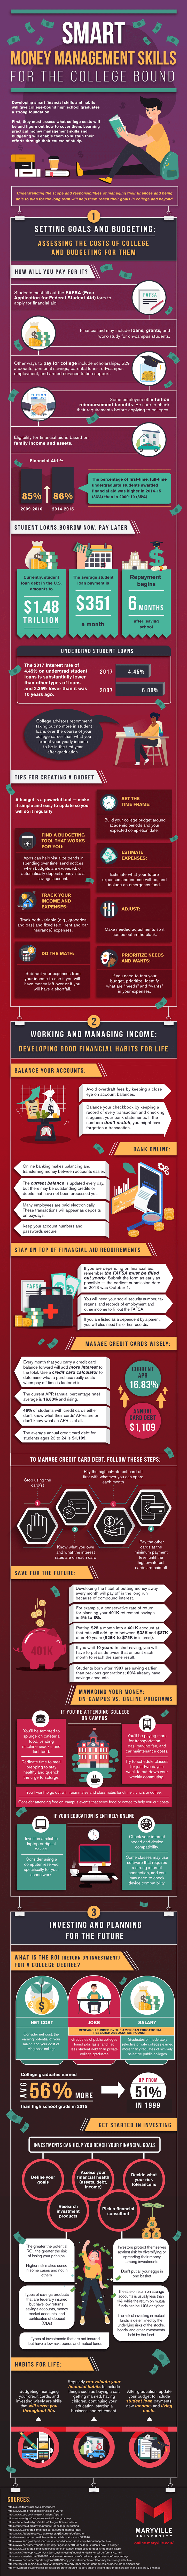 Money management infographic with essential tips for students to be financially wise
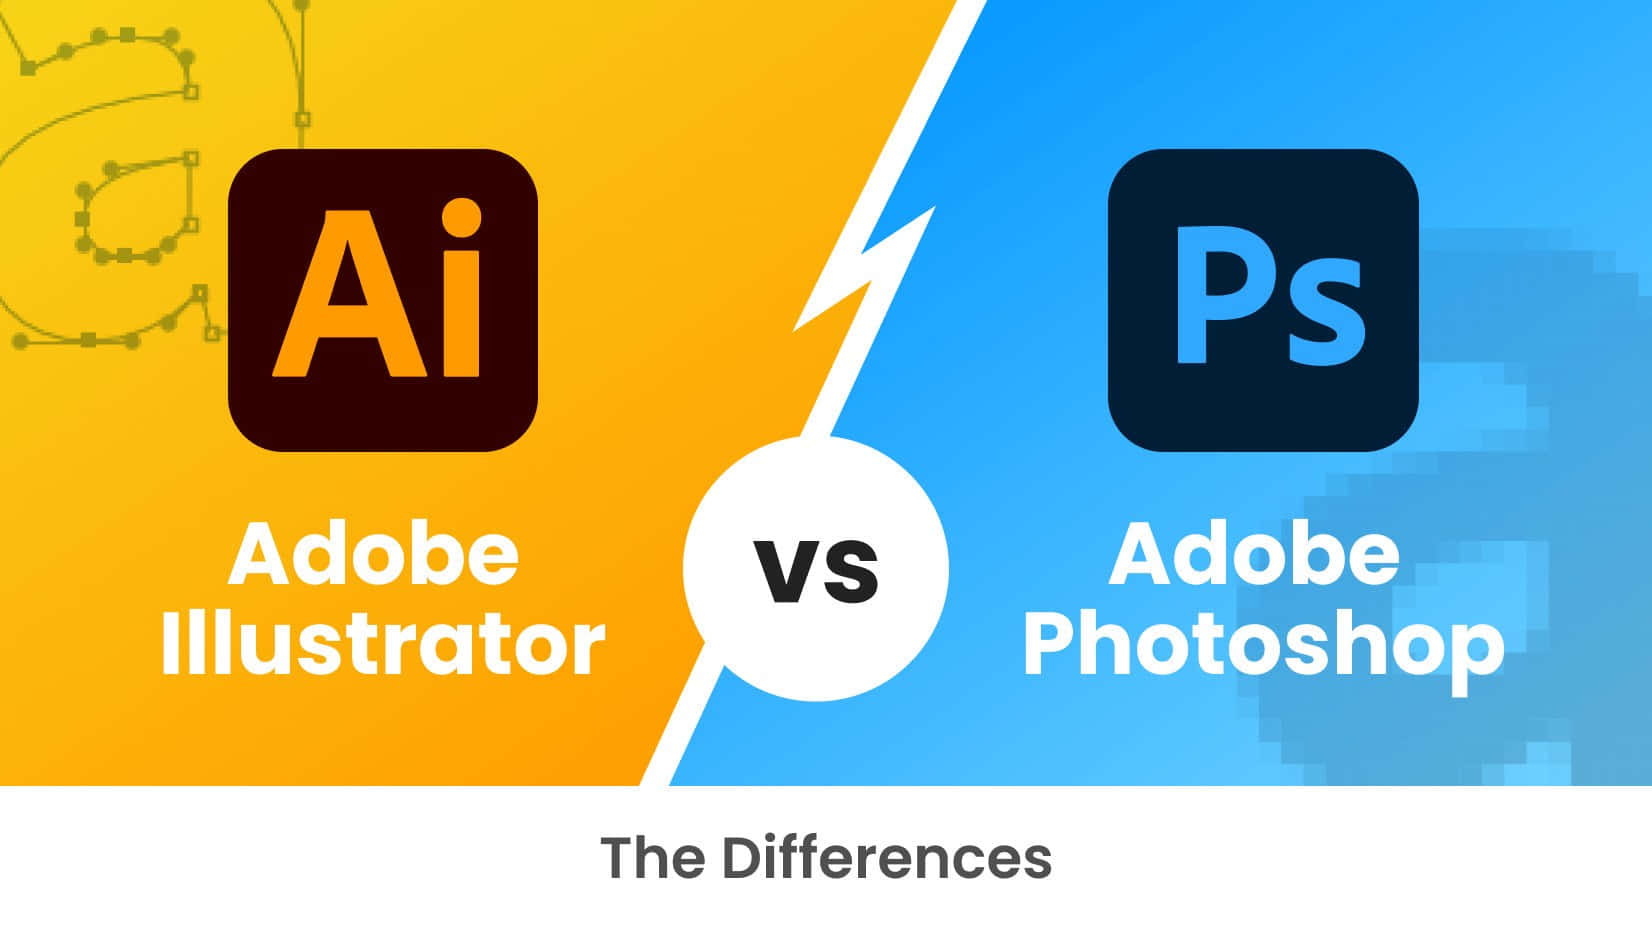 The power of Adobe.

* * *

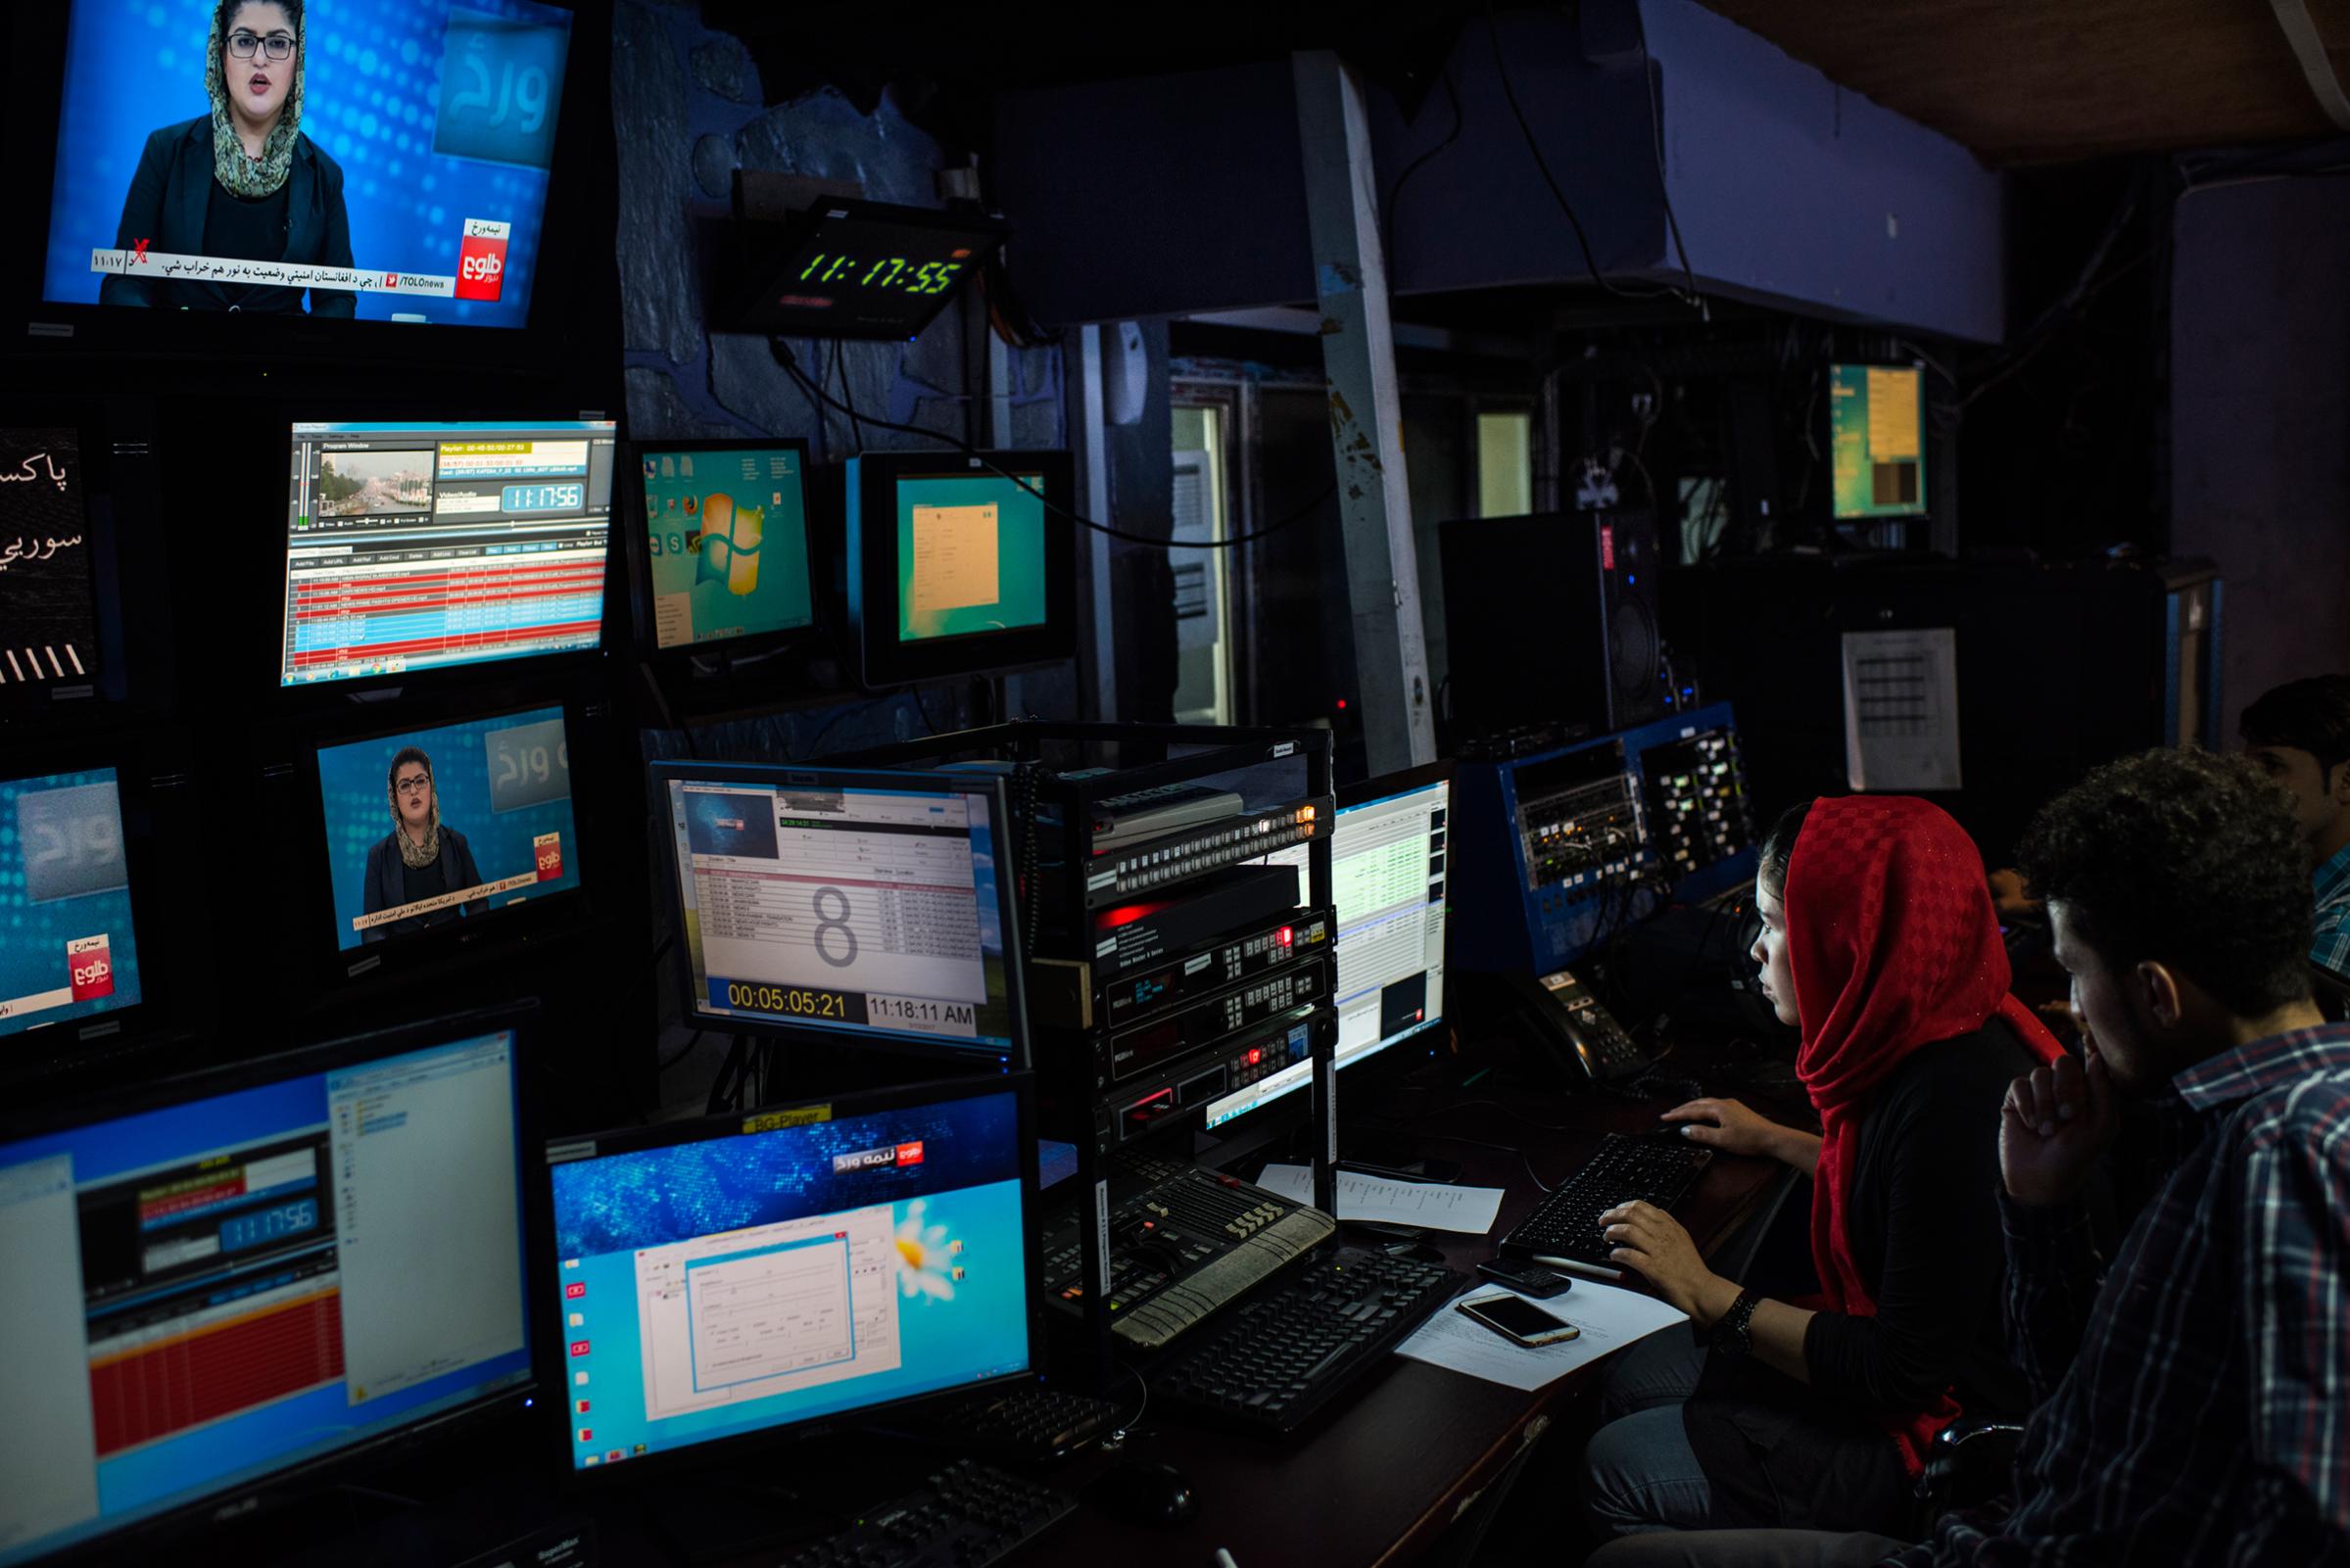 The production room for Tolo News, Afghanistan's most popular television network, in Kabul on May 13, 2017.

[Problem requirements]:
The stretch above running from the line with "Money management infographic" through the line with "The power of Adobe." is all you should copy, exactly, leaving out the pictures.

[Solved exercise]:
 Money management infographic with essential tips for students to be financially wise
 The power of Adobe.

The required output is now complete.